- _ASSIGNMENT_: When the line containing "Aynsley porcelain floral" appears in the data below, begin copying there and stop only after the line containing "NEW! NEW! BRAND".

- _DATA EXCERPTS_:
○ ○ ○ ○ ○

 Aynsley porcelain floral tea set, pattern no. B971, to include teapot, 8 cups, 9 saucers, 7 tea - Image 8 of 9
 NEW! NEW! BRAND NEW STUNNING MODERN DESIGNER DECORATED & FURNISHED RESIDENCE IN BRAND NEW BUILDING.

○ ○ ○ ○ ○

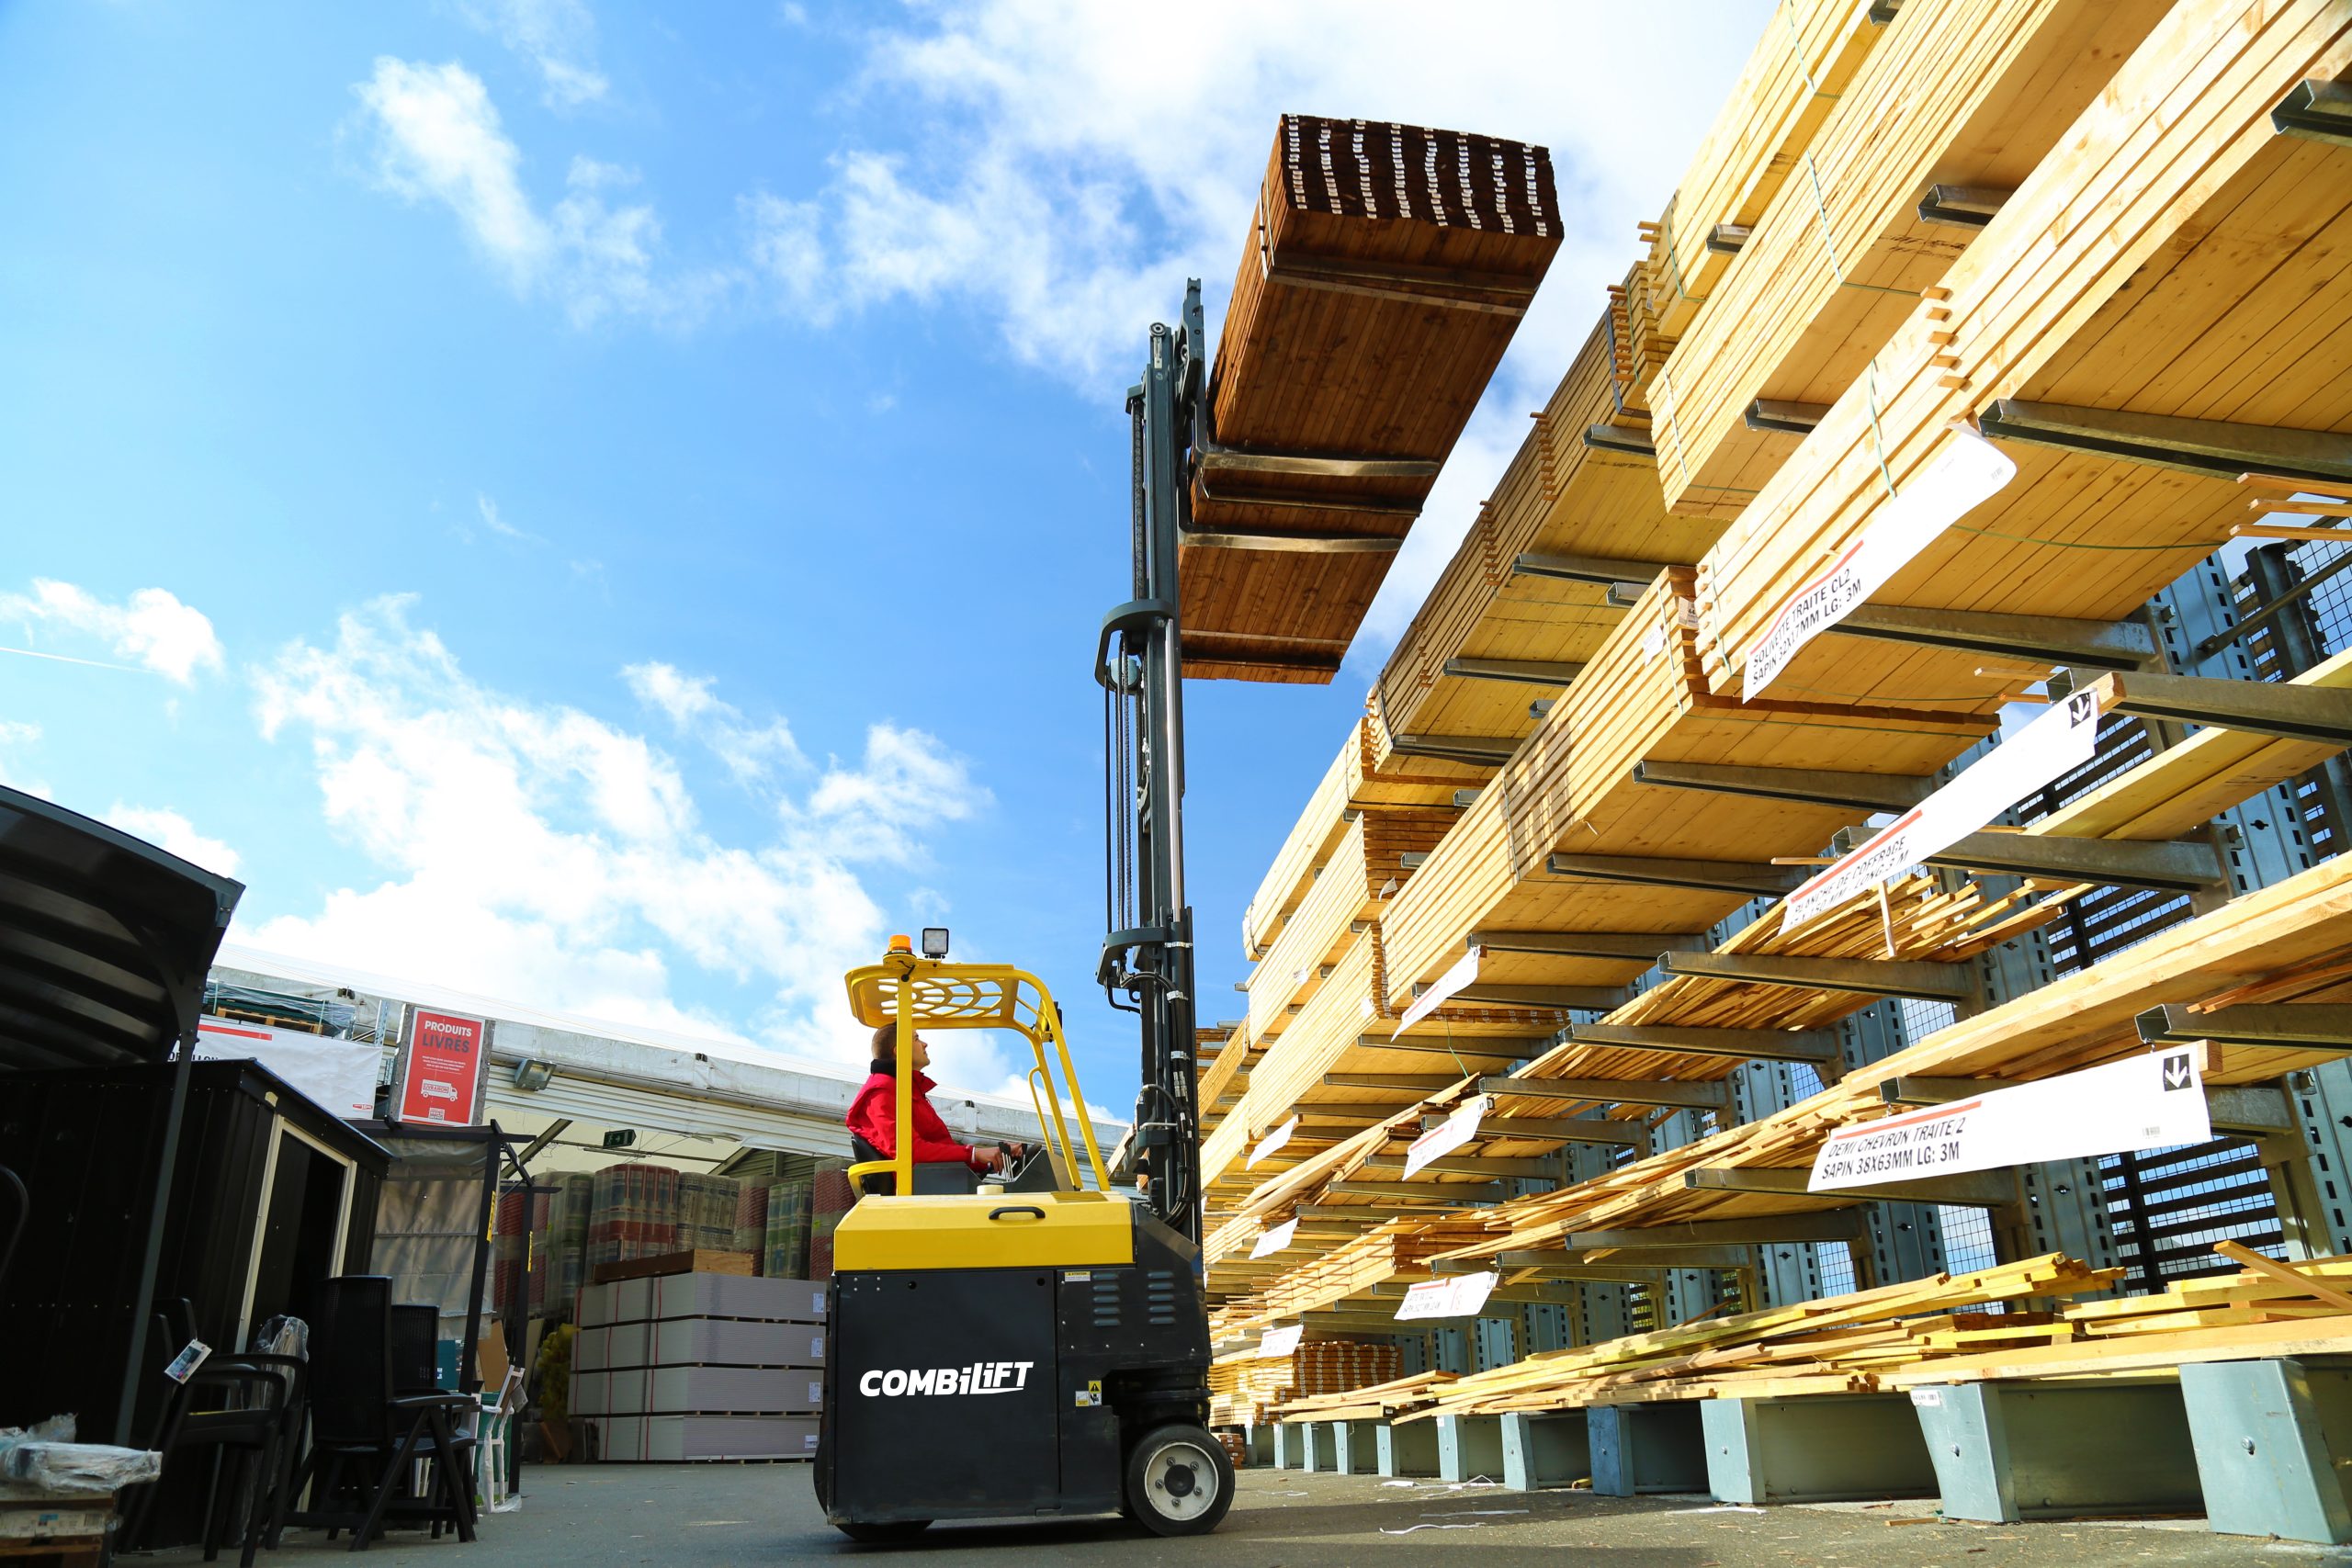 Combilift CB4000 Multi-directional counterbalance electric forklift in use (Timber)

○ ○ ○ ○ ○

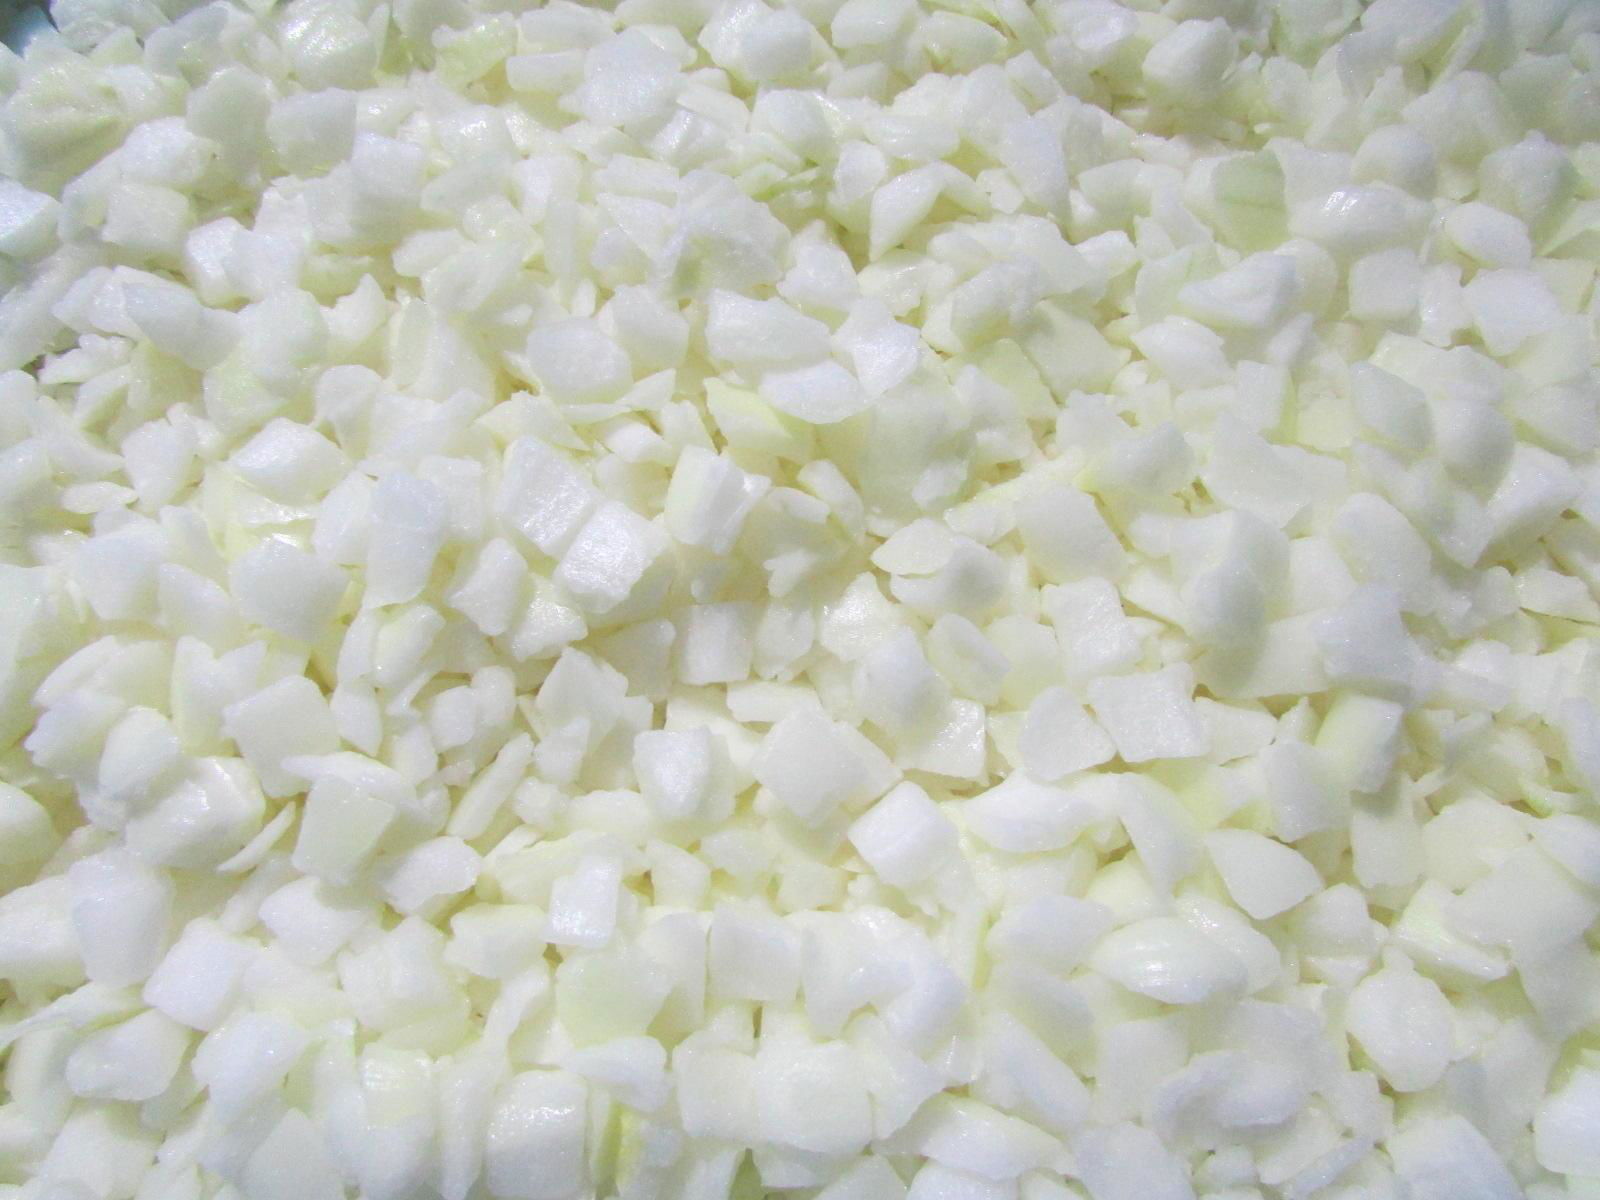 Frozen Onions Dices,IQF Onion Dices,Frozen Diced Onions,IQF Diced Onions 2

○ ○ ○ ○ ○

- _SOLUTION FOR THIS TASK_:
 Aynsley porcelain floral tea set, pattern no. B971, to include teapot, 8 cups, 9 saucers, 7 tea - Image 8 of 9
 NEW! NEW! BRAND NEW STUNNING MODERN DESIGNER DECORATED & FURNISHED RESIDENCE IN BRAND NEW BUILDING.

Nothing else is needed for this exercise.